#### WHAT THE EXERCISE ASKS
Pictures must not appear; the answer is exactly the lines from the one that holds "Danica Patrick and" through the end of the material.

#### THE DATA
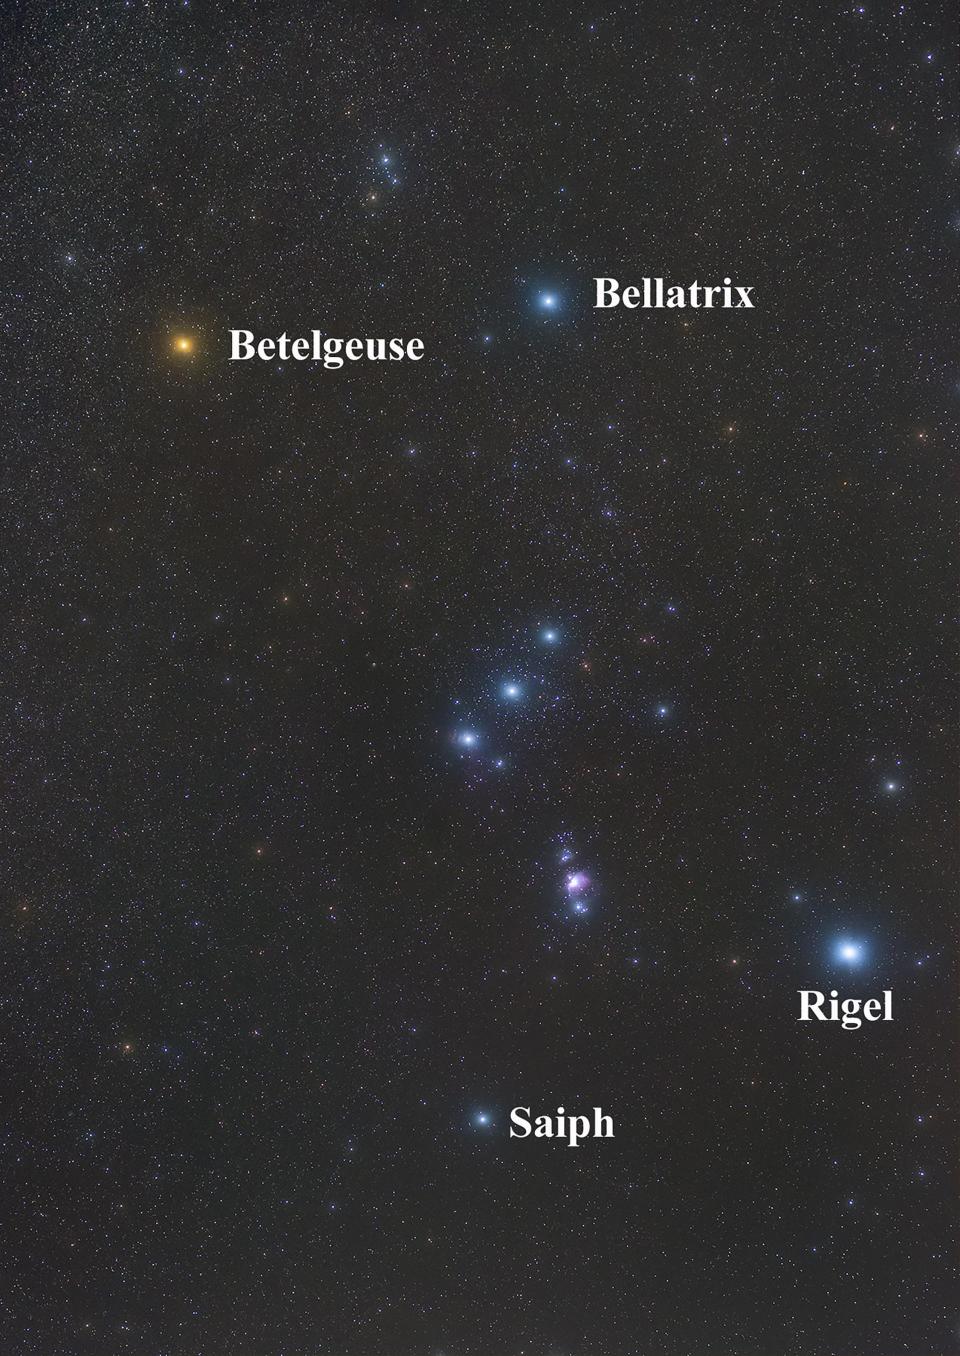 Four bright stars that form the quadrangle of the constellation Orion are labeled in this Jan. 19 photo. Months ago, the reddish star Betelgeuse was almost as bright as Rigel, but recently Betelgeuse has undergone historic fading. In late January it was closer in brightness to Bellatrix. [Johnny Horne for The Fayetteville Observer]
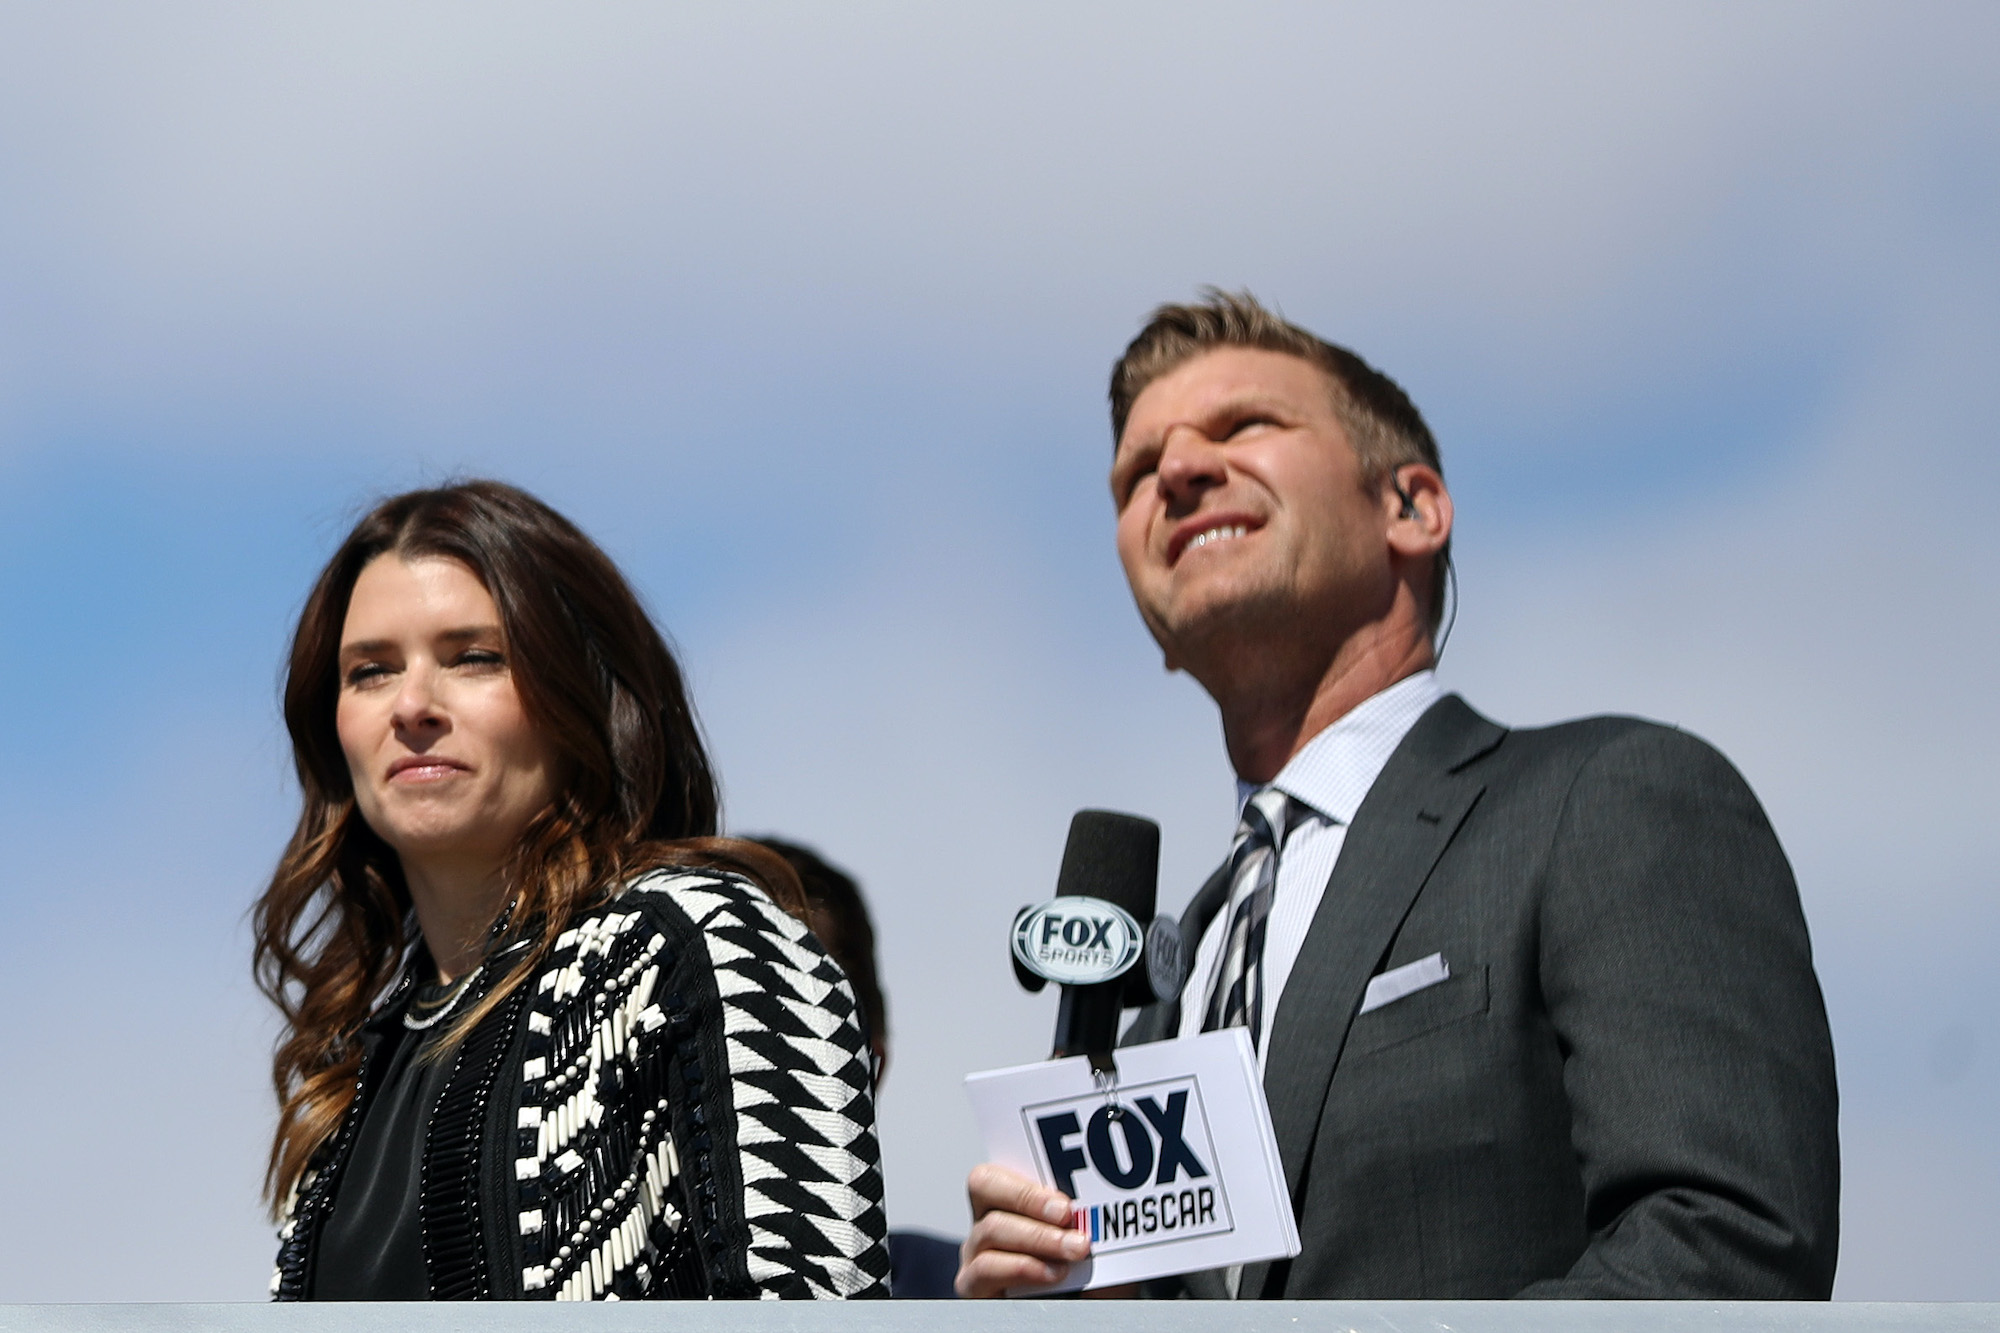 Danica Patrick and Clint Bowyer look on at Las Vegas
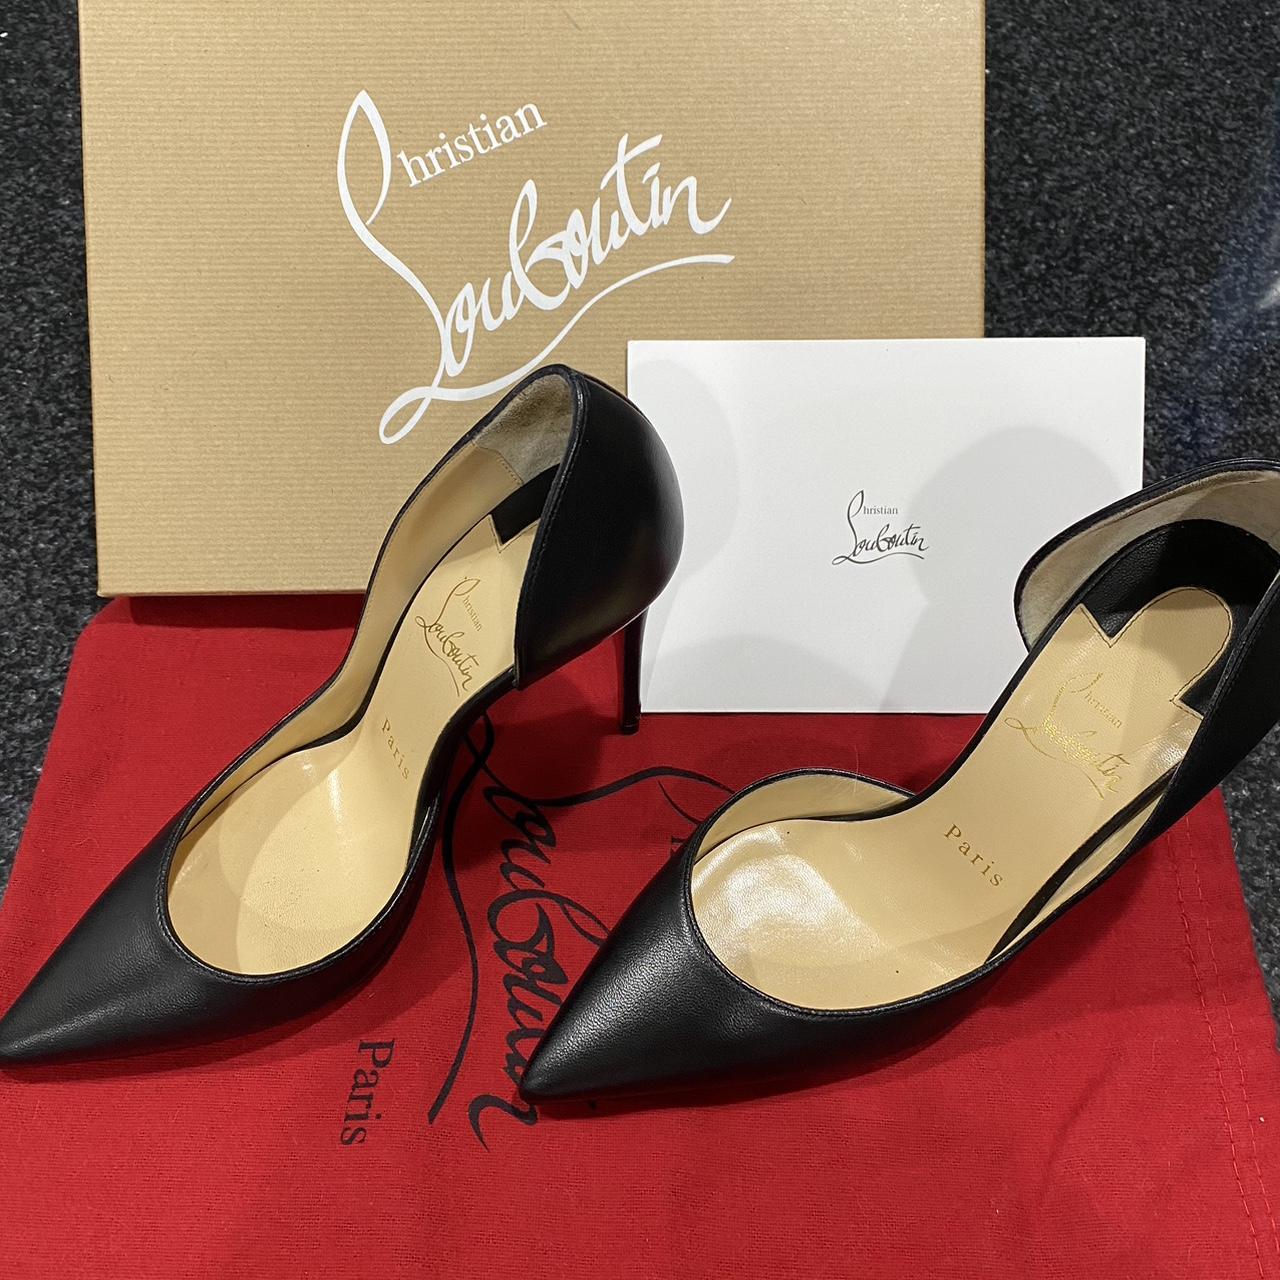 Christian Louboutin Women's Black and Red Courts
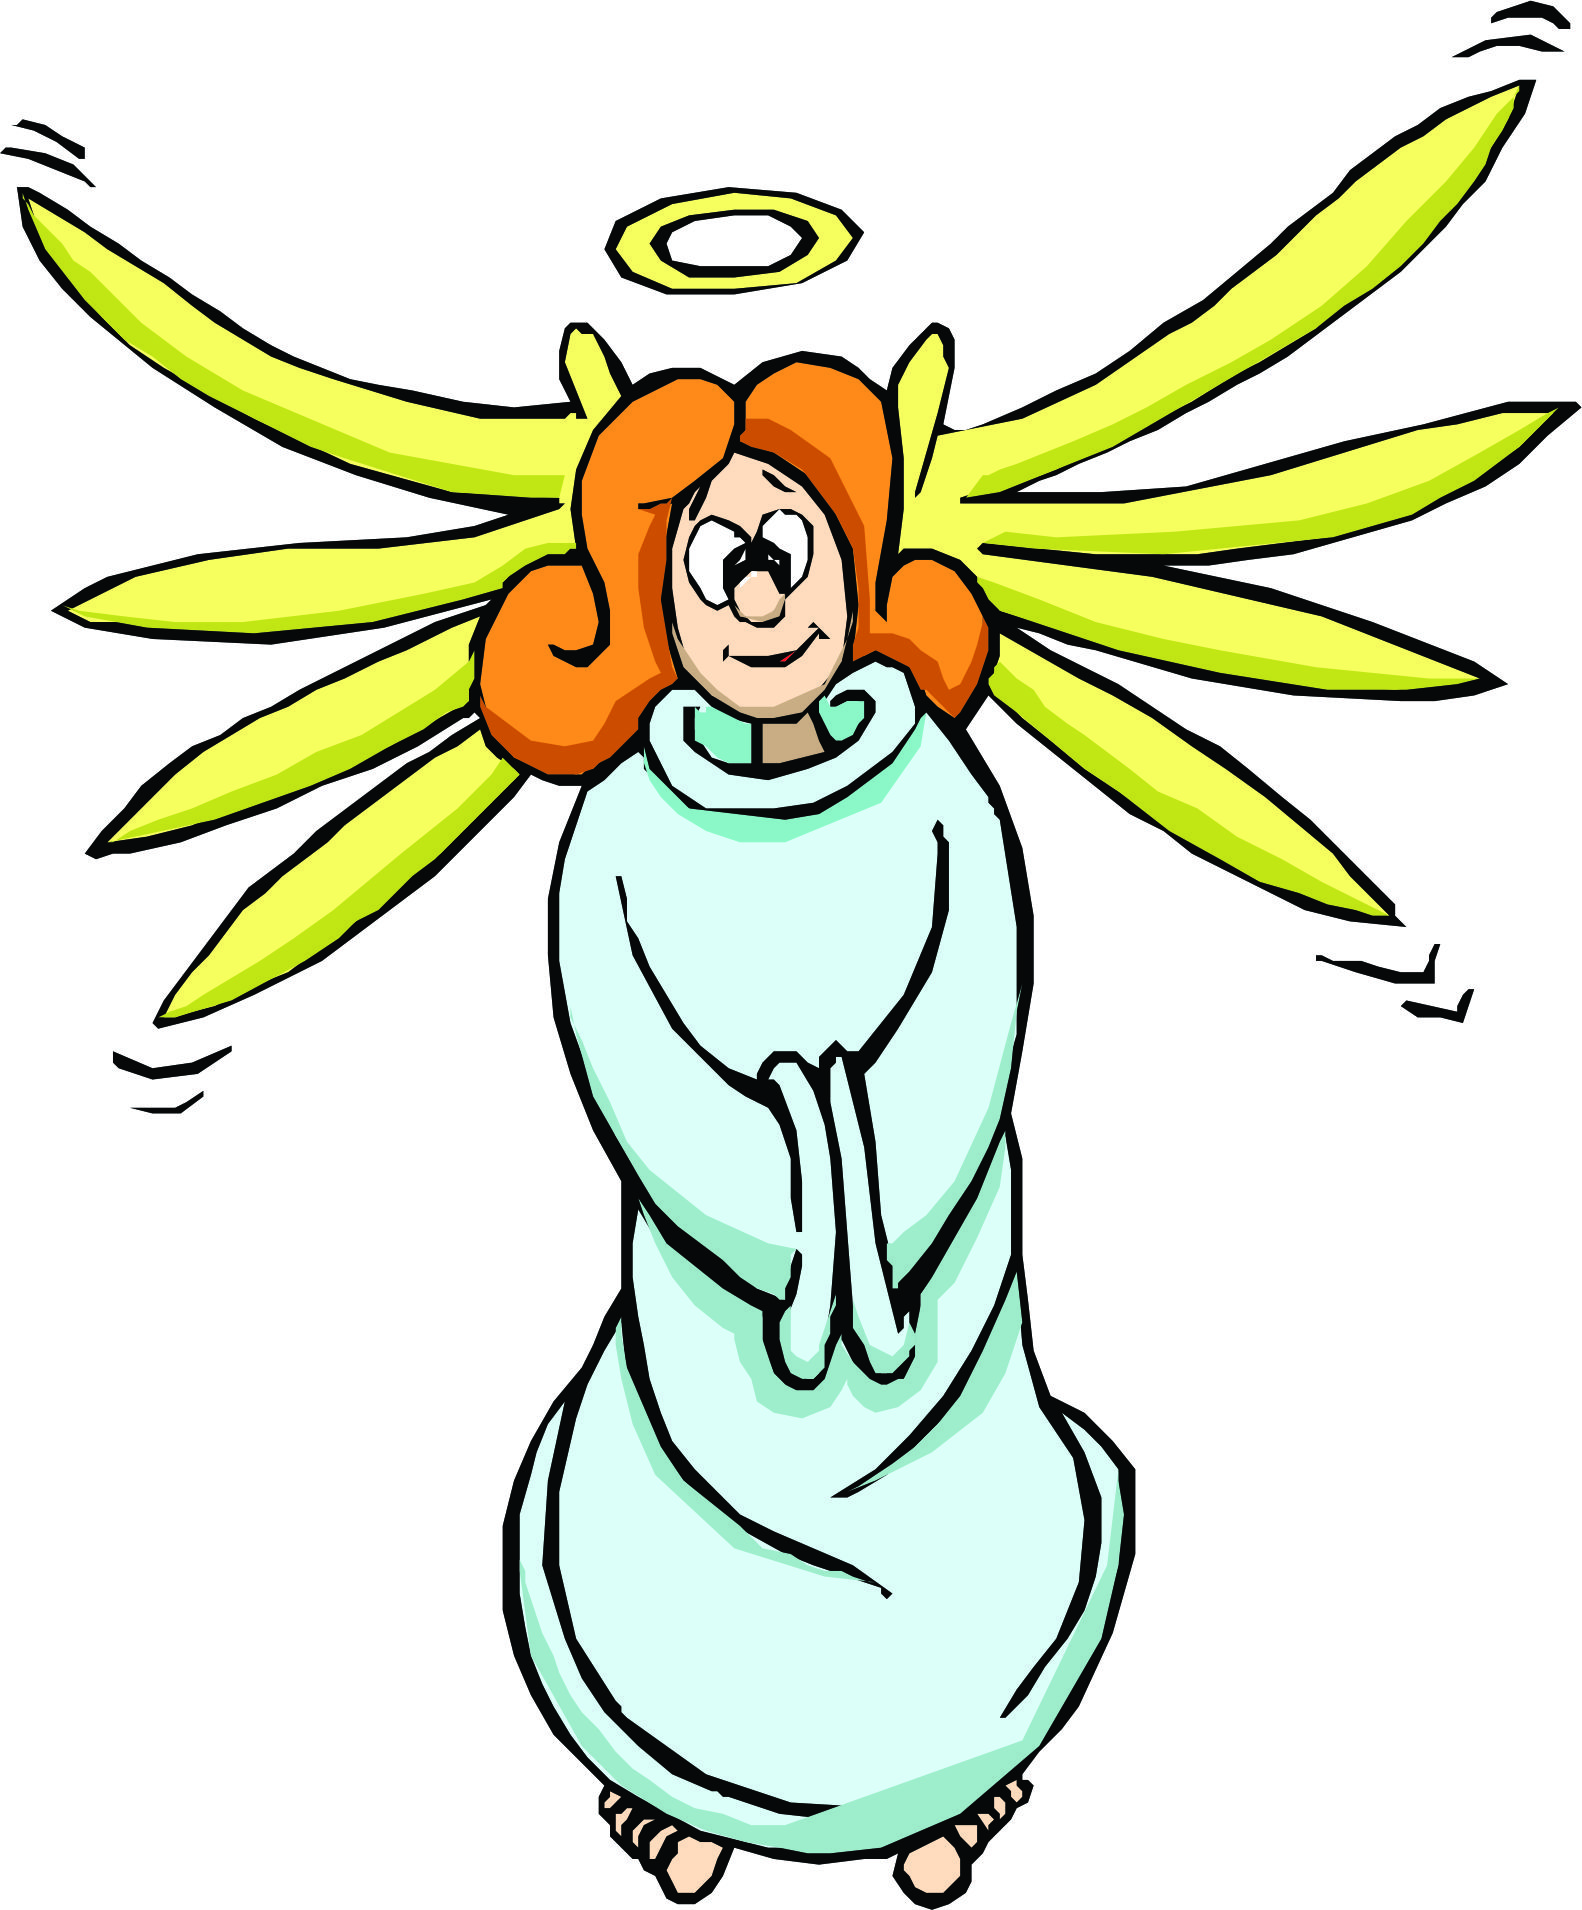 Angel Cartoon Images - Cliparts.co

#### TASK OUTPUT
 Danica Patrick and Clint Bowyer look on at Las Vegas
 Christian Louboutin Women's Black and Red Courts
 Angel Cartoon Images - Cliparts.co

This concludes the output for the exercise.